The censoring parameters are much simpler than the response parameters, with only two main parameters (beta0 and beta1), and a third parameter (eb1) that controls the shape of the biased dropout curve, but doesn't have a strong effect and was not varied for the publication. The parameter combinations to test are simply combined into a single data table, along with a brief name that can remind you what they represent (and is used in plots):
censorparams<-data.table(
names=c("balanced","more of flat","more of biased","high dropout"),
beta0=c(.05,.05 ,.05,.15),
beta1=c(.5,.2,.8 ,.5),
eb1= c(2, 2 ,2 ,2 )
)
Model parameters
This set of parameters includes things that it's easy / reasonable to vary as individual parameters. Only some of them were varied in the manuscript: N, c.bm, and carryover_t1half. The others were played with, but it didn't make it in the paper. See ?generateData for information on each of the parameters.
Here we made a few different sets of the model parameters, for different purposes. One to test the impact of these core parameters on power (coremodelparams), one to run an abbreviated set when testing the impact of varying the response parameters, a third to redo this with even lower N and biomarker effect so that we could see the impact of varying the rate parameters without half the cells capping out at 1, and a final one to get raw data output to plot the trajectories:
coremodelparams<-expand.grid(
N=c(35,70),
c.bm=c(0,.3,.6),
carryover_t1half=c(0,.1,.2),
c.tv=.8,c.pb=.8,c.br=.8,
c.cf1t=.2,c.cfct=.1
)
abbrevmodelparams<-expand.grid(
N=c(70),
c.bm=c(0,.3),
carryover_t1half=c(0),
c.tv=.8,c.pb=.8,c.br=.8,
c.cf1t=.2,c.cfct=.1
)
xabbrevmodelparams<-expand.grid(
N=c(35),
c.bm=c(.6),
carryover_t1half=c(0),
c.tv=.8,c.pb=.8,c.br=.8,
c.cf1t=.2,c.cfct=.1
)
trajmp<-expand.grid(
N=c(35),
c.bm=c(.6),
carryover_t1half=c(0,.5),
c.tv=.8,c.pb=.8,c.br=.8,
c.cf1t=.2,c.cfct=.1
)
There are also parameters used to set strictly analysis variables; these should be kept off for the size of trials modeled here. See ?lme_analysis for more details of these.
# Parameters on the analysis side
analysisparams<-expand.grid(useDE=FALSE,t_random_slope=FALSE,full_model_out=FALSE)
And, finally, you're ready to generate the simulated data! Be warned that this is computationally intense for a light little laptop like I'm using - so in the vignette text, there's a flag that keeps this code from running, and the Nrep is also set low. In the publication, all parameter spaces were repeated 1,000 times.

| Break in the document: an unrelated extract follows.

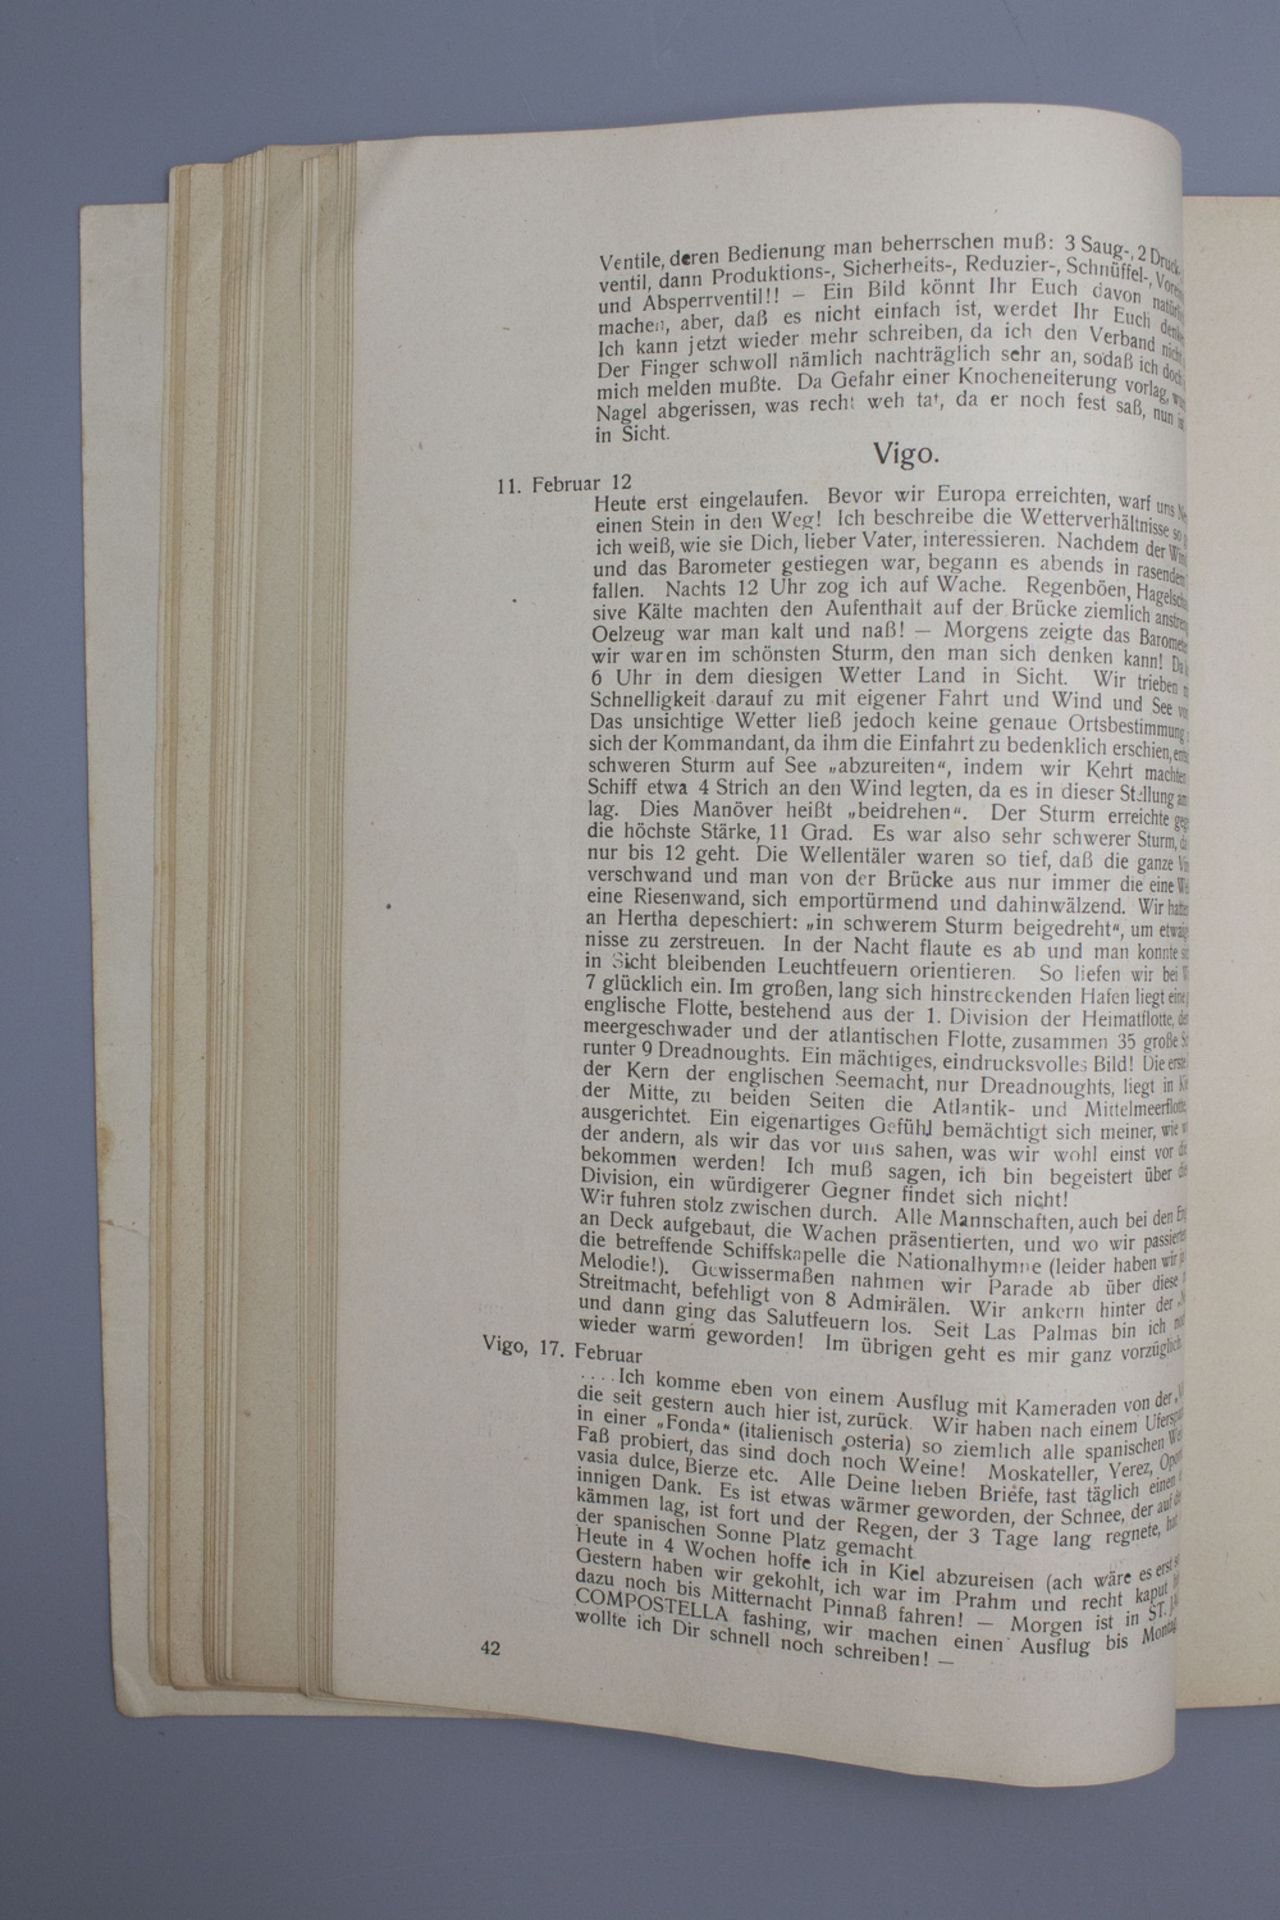 Biographie / A biography des Joachim Diederich Kramsta, 1. Wachoffizier auf U66, 1917/18 - Image 6 of 7

There are only a few settings left that aren't explained above - see ?generateData and the wrapper function ?generateSimulatedResuls for explanations of how they work. If you need to run smaller
numbers of repetitions and then rejoin them you can do so, as long as they have the exact same parameter space, using \link{reknitsimresults}.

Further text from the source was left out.